A Novel Numerical Approximation Method for Computations with Spatially Correlated Observation Error Statistics in Data Assimilation

Convection-permitting data assimilation requires observations with high spatial density and high temporal frequency to provide information on appropriate scales for high resolution forecasting. Those observation types (e.g., geostationary satellite data) were found to exhibit strong spatial error correlations. Explicitly introducing correlated error statistics in the assimilation may increase the computational complexity and parallel communication costs of the matrix-vector multiplications with the observation precision matrices (the inverse observation error covariance matrices). Therefore, without suitable approaches we cannot take full advantage of the new observation uncertainty estimates. In this work, we present a new numerical approximation method, called the local SVD-FMM, which is developed based on a particular type of the fast multipole method (FMM) using a singular value decomposition (SVD), and a domain localization approach.
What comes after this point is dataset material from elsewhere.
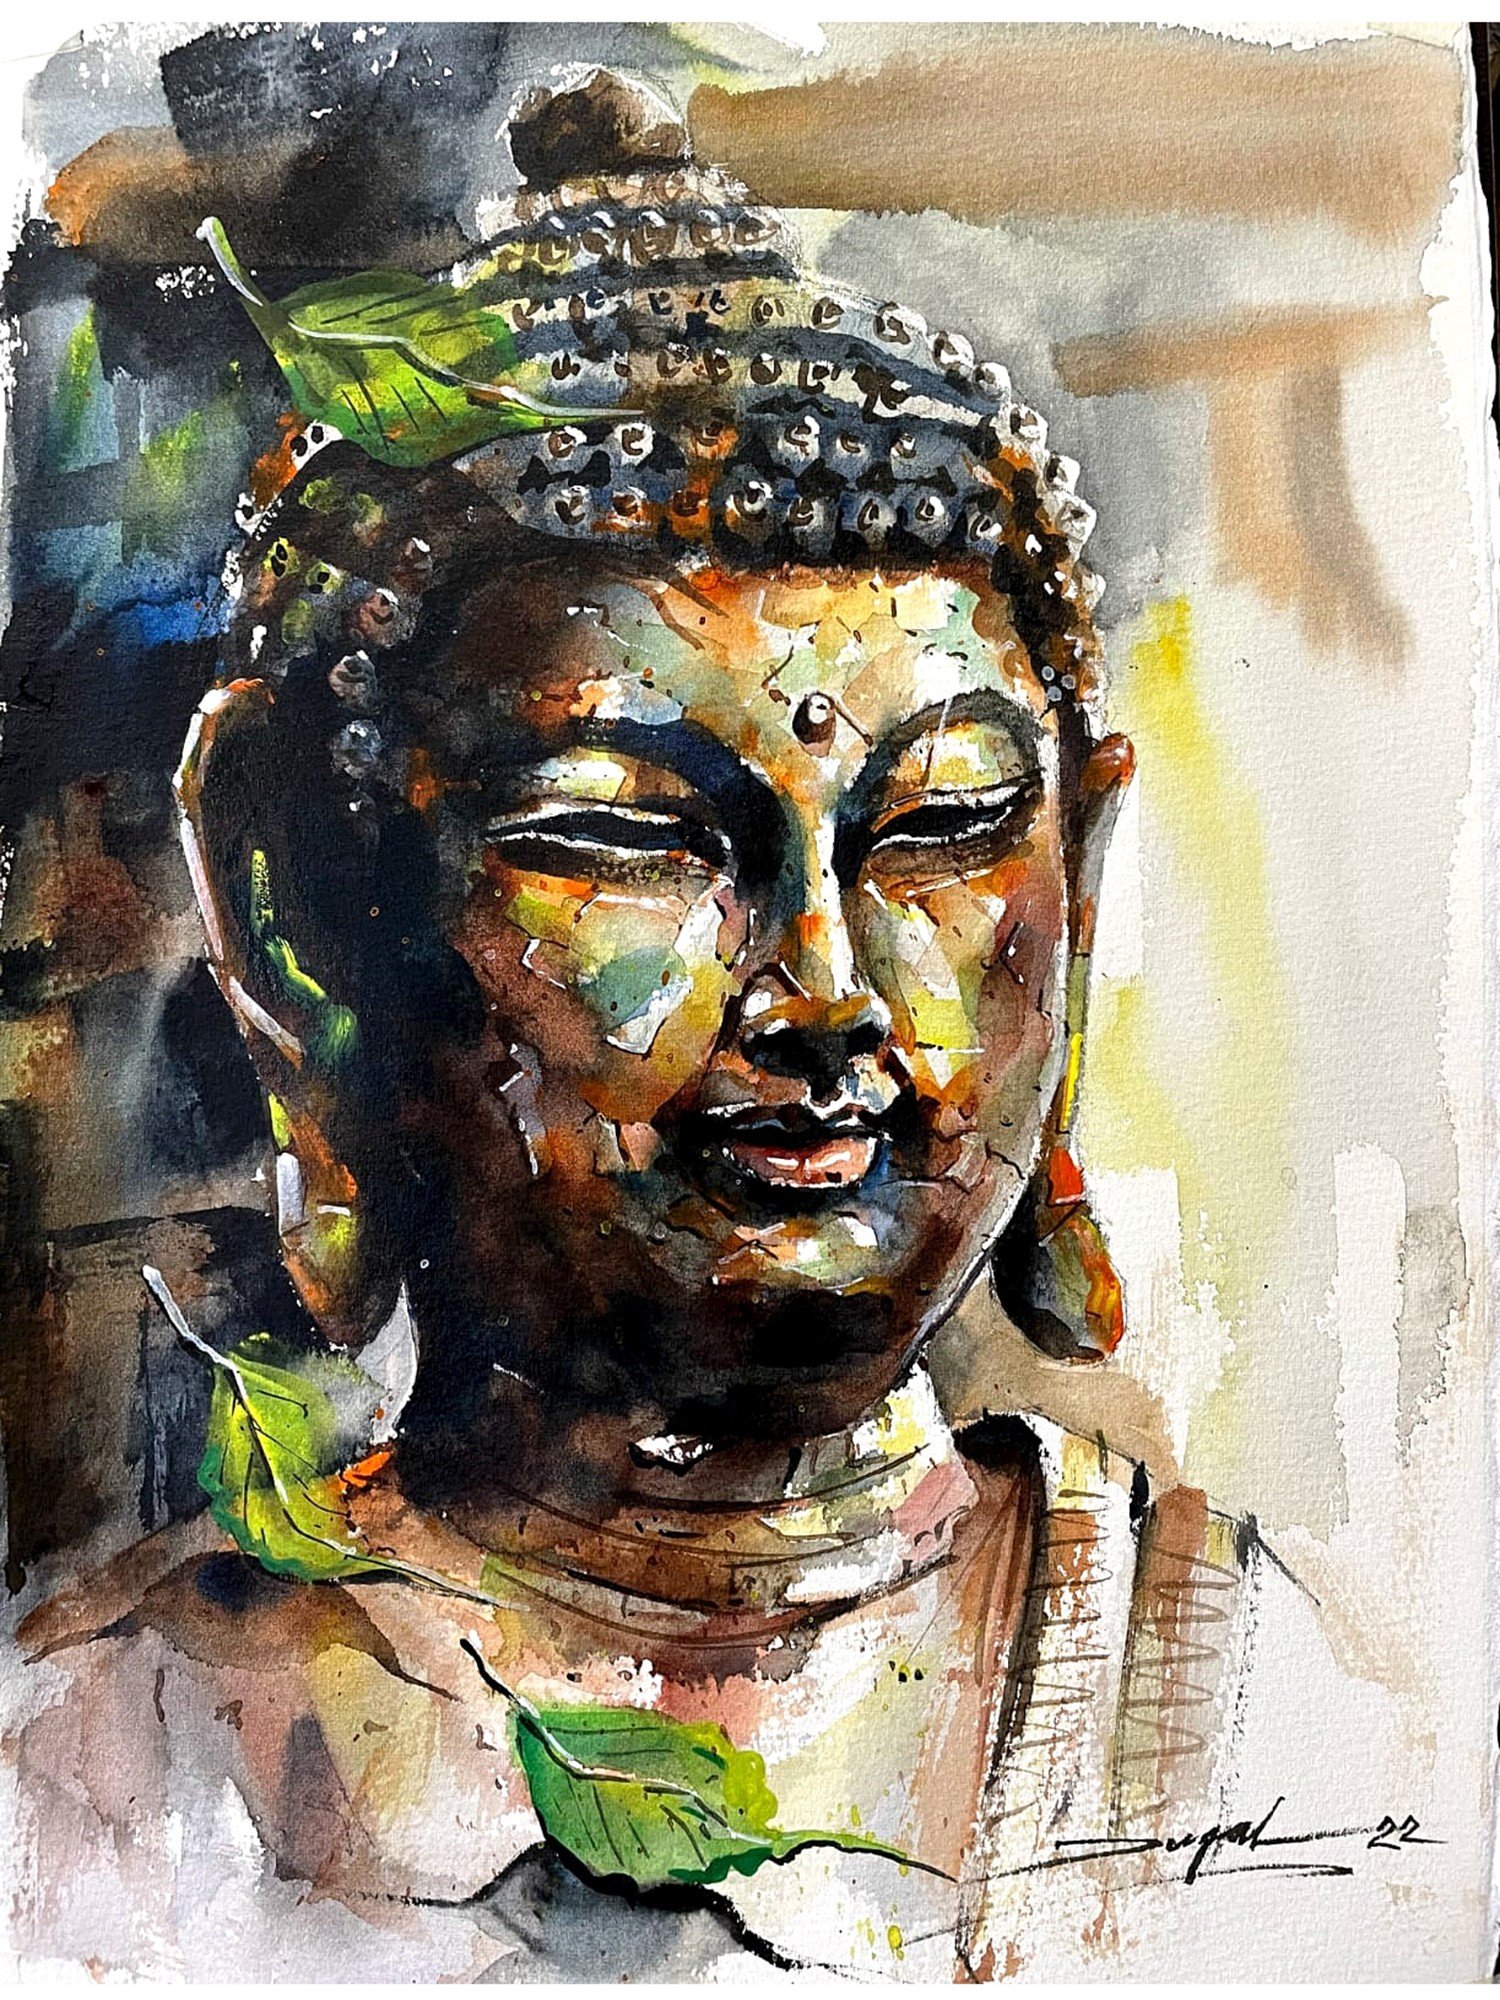 Buddha Paintings  Buy Buddha Paintings Online in India  Myntra

The basic idea of the local SVD-FMM is to divide the observation domain into boxes of (approximately) equal size and then separates the calculations of the matrix-vector products according to the domain partition. These calculations can be done in parallel with very low communication overheads. Moreover, the local SVD-FMM is easy to implement and applicable to a wide variety of the precision matrices. We applied the local SVD-FMM in a simple variational data assimilation system and found that the computational cost of the variational minimisation was dramatically reduced while preserving the accuracy of the analysis. This new method has the potential to be used as an efficient technique for practical data assimilation applications where a large volume of observations with mutual error correlations needs to be assimilated in a short period of time.